Fuente: Arqueo, nº 8. RBA Revistas, Barcelona, 2002. Visto en Sofiaoriginals. |
Cuenta San Agustín en sus Confesiones que de pequeño y adolescente aborrecía el saber, y que sólo le interesó la elocuencia «con el fin condenable y vasto de satisfacer la vanidad humana». No obstante, al leer sobre tales temas se encontró con el muy recomendable Hortensio, «de un cierto Cicerón».«“Semejante libro -escribe- cambió mis afectos y mudó hacia ti, Señor, mis súplicas […] De repente apareció a mis ojos vil toda esperanza vana, y con increíble ardor mi corazón suspiraba por la inmortalidad de la sabiduría, y comencé a levantarme para volver a ti».
Sin duda, el Hortensio fue decisivo para que San Agustín no fuera sólo un orgulloso orador, sino el padre intelectual de un modo de comprender el mundo que configuró Occidente durante casi mil años. Curiosamente, el libro del pagano resultó ser un hito fundamental para la conversión de Agustín al cristianismo. Nos gustaría saber qué encontró el de Hipona en esa obra y leerlo también nosotros, pero aquel opúsculo al que indirectamente tanto le debemos se ha perdido.

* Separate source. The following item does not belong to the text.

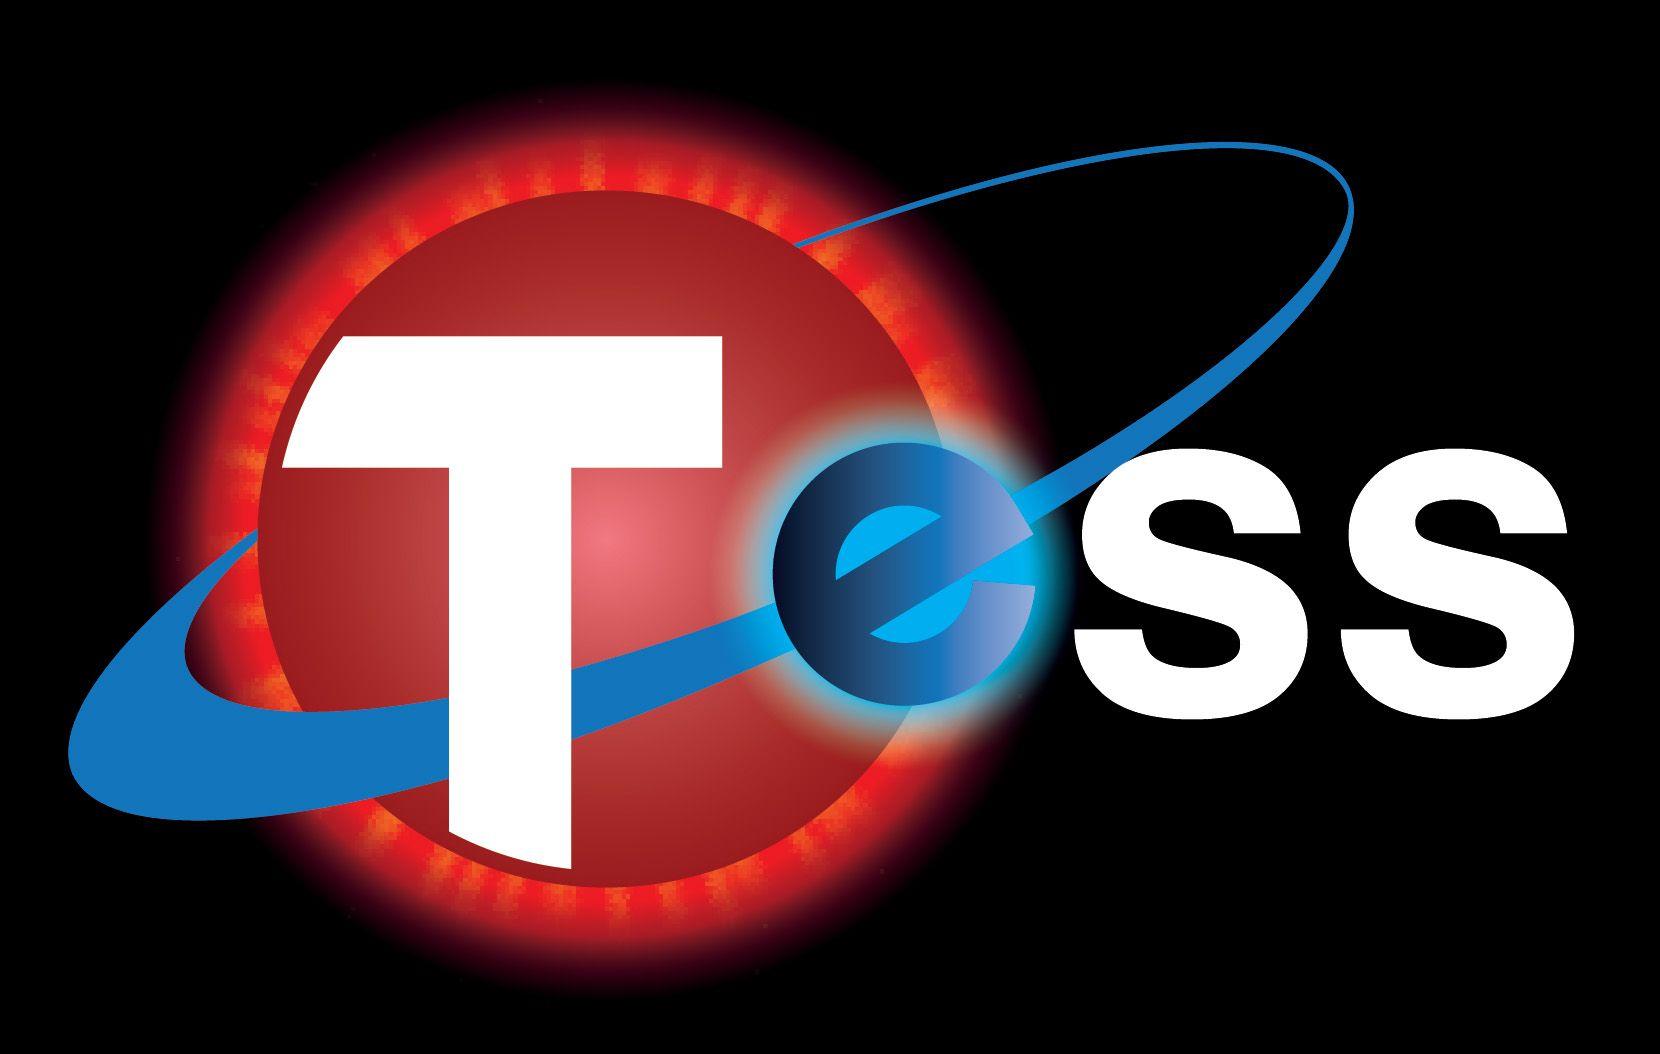 NASA High Resolution Logo - TESS logo (black bg)

Dicen que Claudio, además de un audaz político que supo sobrevivir a numerosas intrigas hasta culminar su carrera como emperador de Roma, escribió un tratado sobre Cómo ganar a los dados. Esta obra también se perdió y si bien parece que su contenido no ha determinado la historia de Occidente, quizá nos daría una imagen del emperador más sugerente que el conocer sus decisiones políticas. ¿Sería un tratado sobre la matemática combinatoria de los dados o más bien sobre tretas, trampas o dados trucados? ¿Explicaría detalladamente la técnica para arrojarlos o más bien los rituales para conseguir el favor de los dioses?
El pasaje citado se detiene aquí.